Dear Jack, — I wish you would inform me what has been done by Jekyll, at No. 40, Sloane Square, concerning the pony I returned as unsound.

I have also to request you will call on Louch at Brompton, and inquire what the devil he meant by sending such an insolent letter to me at Brighton; and at the same time tell him I by no means can comply with the charge he has made for things pretended to be damaged.

Ambrose behaved most scandalously about the pony. You may tell Jekyll if he does not refund the money, I shall put the affair into my lawyer's hands. Five and twenty guineas is a sound price for a pony, and by God, if it costs me five hundred pounds, I will make an example of Mr. Jekyll, and that immediately, unless the cash is returned.

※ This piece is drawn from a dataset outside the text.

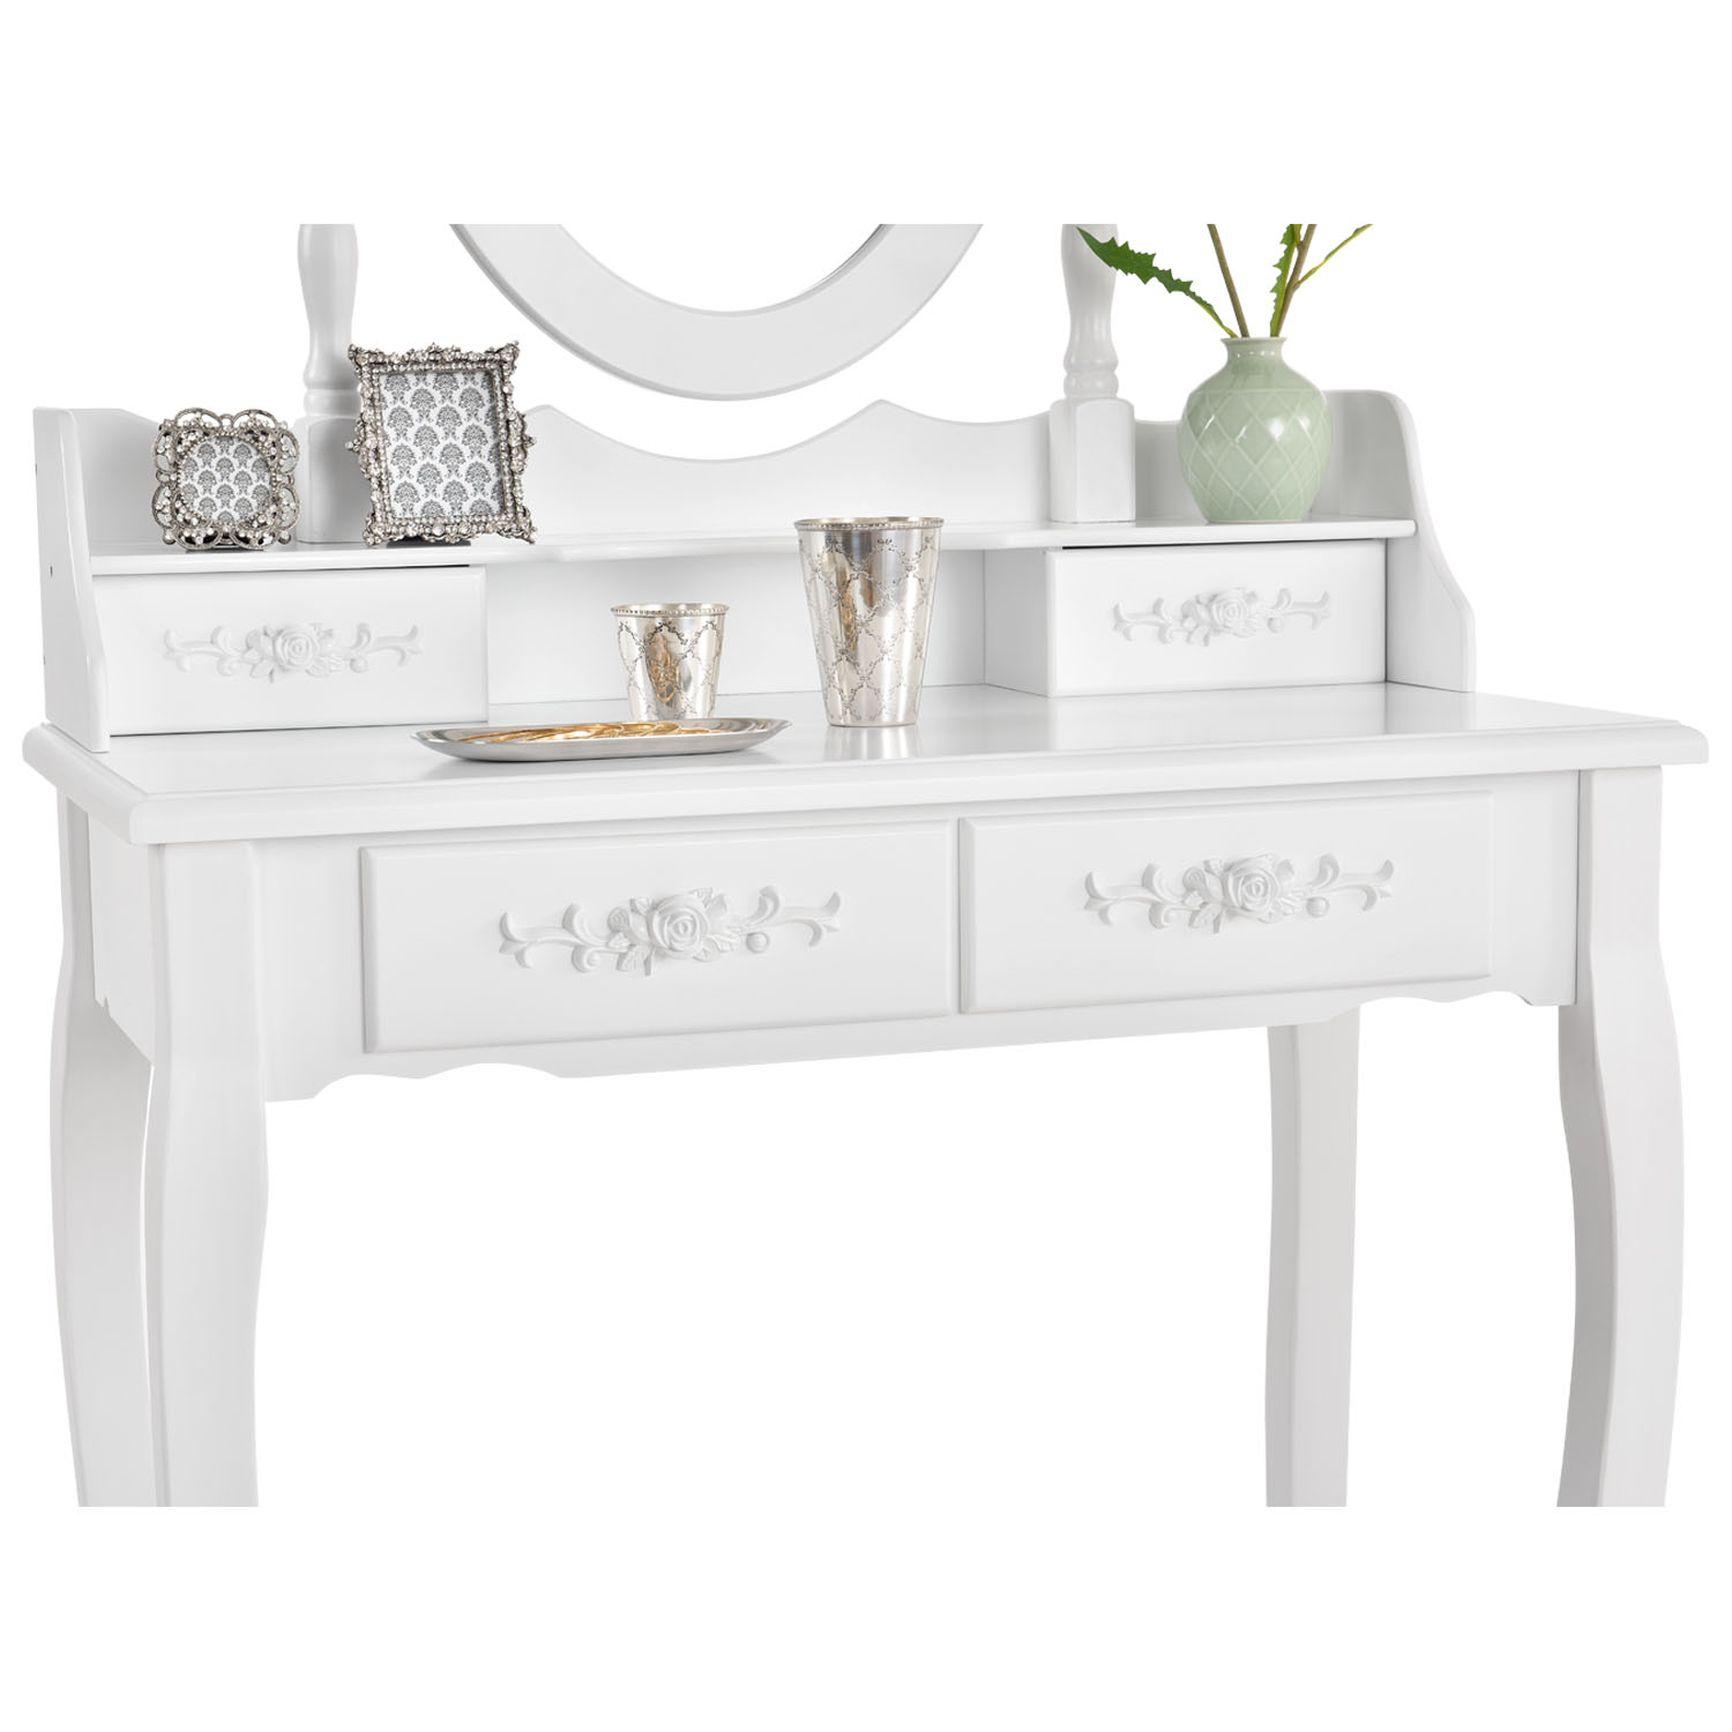 teppiche m bel online kaufen decopoint online shop schminktisch kosmetiktisch. Black Bedroom Furniture Sets. Home Design Ideas

Believe me, dear Jack, etc.


[Footnote 1:]

John Jackson (1769-1845), better known as "Gentleman" Jackson, was champion of England from 1795 to 1803. His three fights were against Fewterel (1788), George Ingleston (1789), and Mendoza (1795). In his fight at Ingatestone with "George the Brewer," he slipped on the wet stage, and, falling, dislocated his ankle and broke his leg. His fight with Mendoza at Hornchurch, Essex, was decided in nine rounds. At the end of the third round "the odds rose two to one on Mendoza." In the fifth, Jackson "seized hold of his opponent by the hair, and served him out in that defenceless state till he fell to the ground." The fight was practically over, and the odds at once turned in favour of Jackson, who thenceforward had matters all his own way. Even if Mendoza had worn a wig, he probably would have succumbed to Jackson, who was a more powerful man with a longer reach, and as scientific, though not so ornamental, a boxer. In 1803 Jackson retired from the ring.